На прошедших днях я хотел лично от себя засвидетельствовать почтение принцу брауншвейгскому, но г-н Геймбург 2 предупредил его об этом против моей воли и его высочество приказал мне ответить самым любезным приветствием, говоря вместе с тем, что не может меня принять по случаю траура. Великая княжна Елисавета, напротив того, приняла у себя всех иностранных министров. Это доказывает во 1-х): что регент боится только одного брауншвейгского двора, а 2-х), что означенный герцог находится в крайней зависимости, от которой мое сердце обливается кровью. Еще при жизни императрицы, герцог курляндский оскорблял его словами до того, что сказал однажды: «не думаете ли вы, что я когда нибудь буду нуждаться в вашей милости или в вашей особе? никогда, ни теперь, ни во веки». И принцессе Анне говорил он часто самым постыдным образом об этом достойном [284] принце, чтобы сделать его презренным в ее глазах и даже до сих пор прилагает к этому все свои старания. Он склонил покойную императрицу объявить его словесно регентом, по той причине, что без этого он и все его семейство погибли бы безвозвратно.

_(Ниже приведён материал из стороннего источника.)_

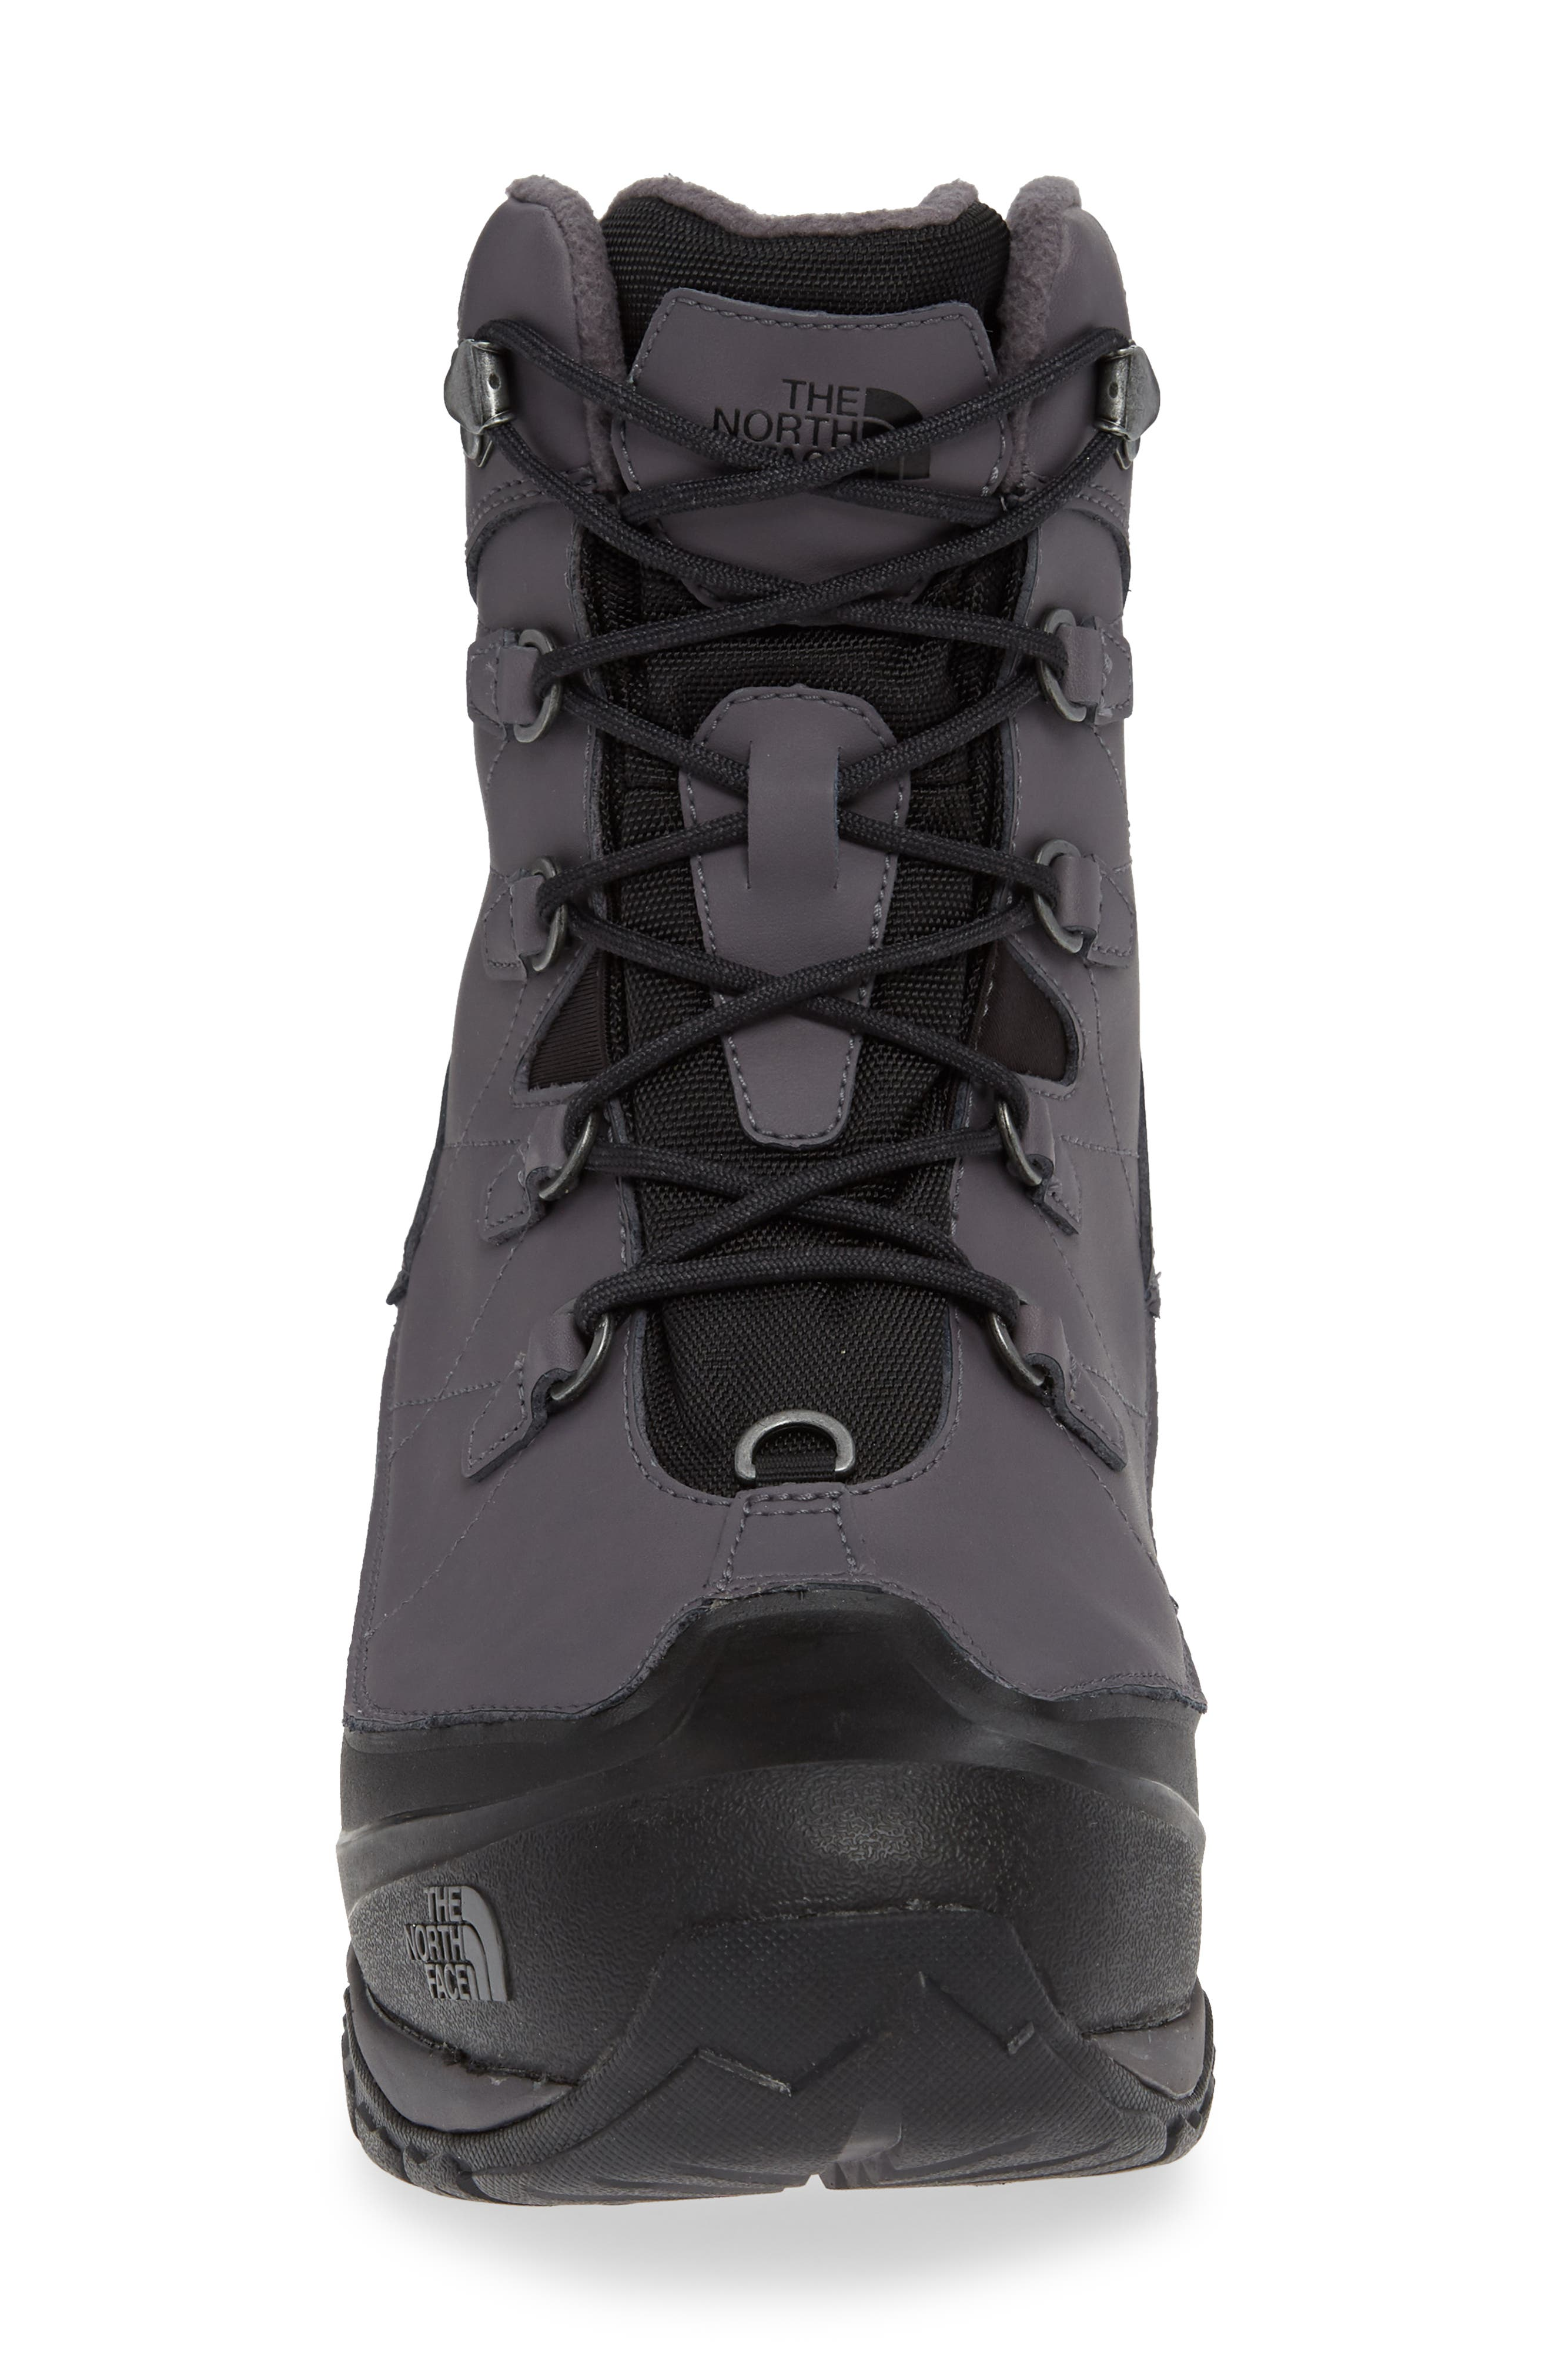 Chilkat Evo Waterproof Insulated Snow Boot,                             Alternate thumbnail 4, color,                             BLACKENED PEARL/ PHANTOM GREY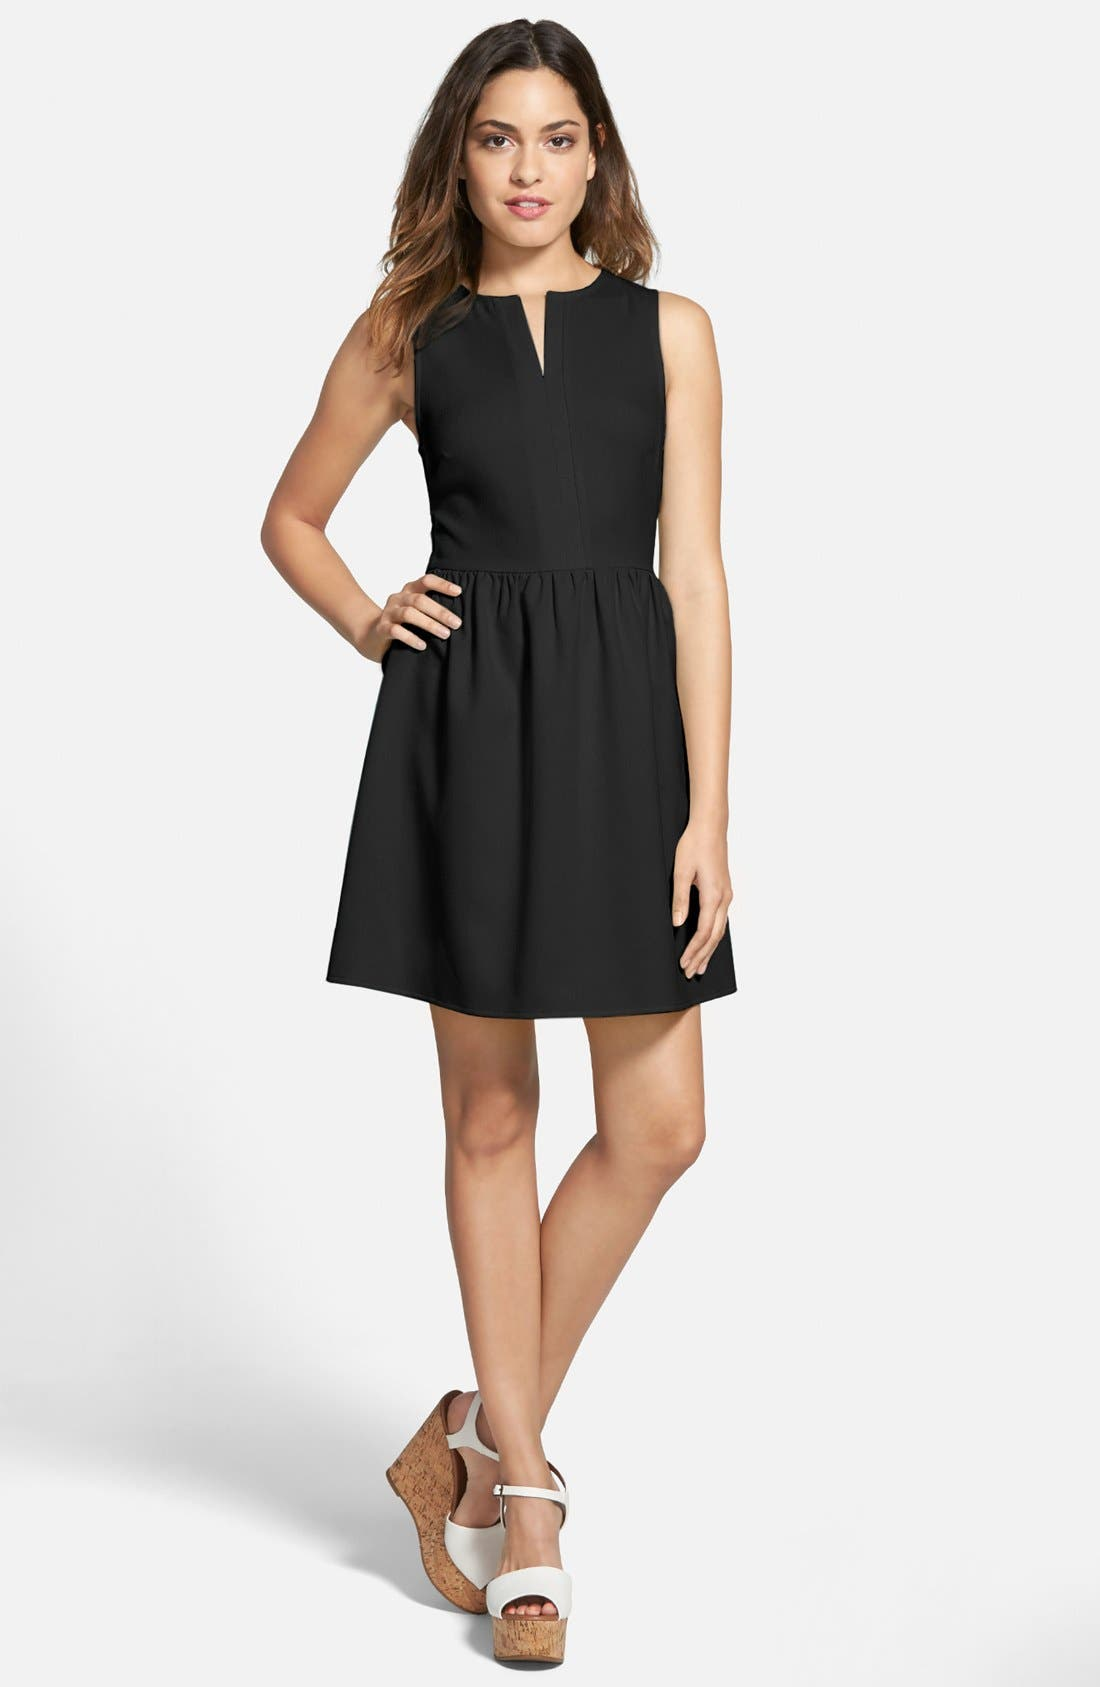 EVERLY 'Rowan' V-Neck Skater Dress, Main, color, 001

Кабинет-секретарь, очень честный человек, сейчас арестован за открытие, что подпись императрицы подложна 3. Впрочем в последнем конфиденциальном разговоре, мне сказано лицом, которому это может быть известно, что регент страдает неизлечимою болезнью, которая точит и изнуряет его мало по малу, так что он вряд ли проживет более года.

Камень, причинивший смерть императрице, имеет в длину около дюйма, а видом похож на коралловое деревцо с остроконечными ветками. Доктор, пользовавший ее, узнал тотчас настоящее положение болезни и утверждал только, что она не умрет от подагры.

Приписка. Неудивительно, что герцог курляндский имел успех в своих намерениях; он уже заранее составил себе довольно значительную партию, между тем как двор брауншвейгский не употребил для этого ни малейшего старания; последний дал себя провести и усыпить довольно суетными надеждами, а герцог брауншвейгский, которого я имел честь видеть только один раз частным образом, был вполне уверен, что его супруга будет иметь главное участие в правлении; самое же худшее то, что не смотря на уверения лиц близких к его высочеству, будто между этою державною четою существует полное согласие, те, которые знают близко их жизнь, утверждают совершенно противное, и прекрасная, но глупая Менгден 4, к которой принцесса питает непостижимую слабость, вся предана противной партии, которая через ее посредство может подсказывать и внушать ее высочеству все, что ей вздумается.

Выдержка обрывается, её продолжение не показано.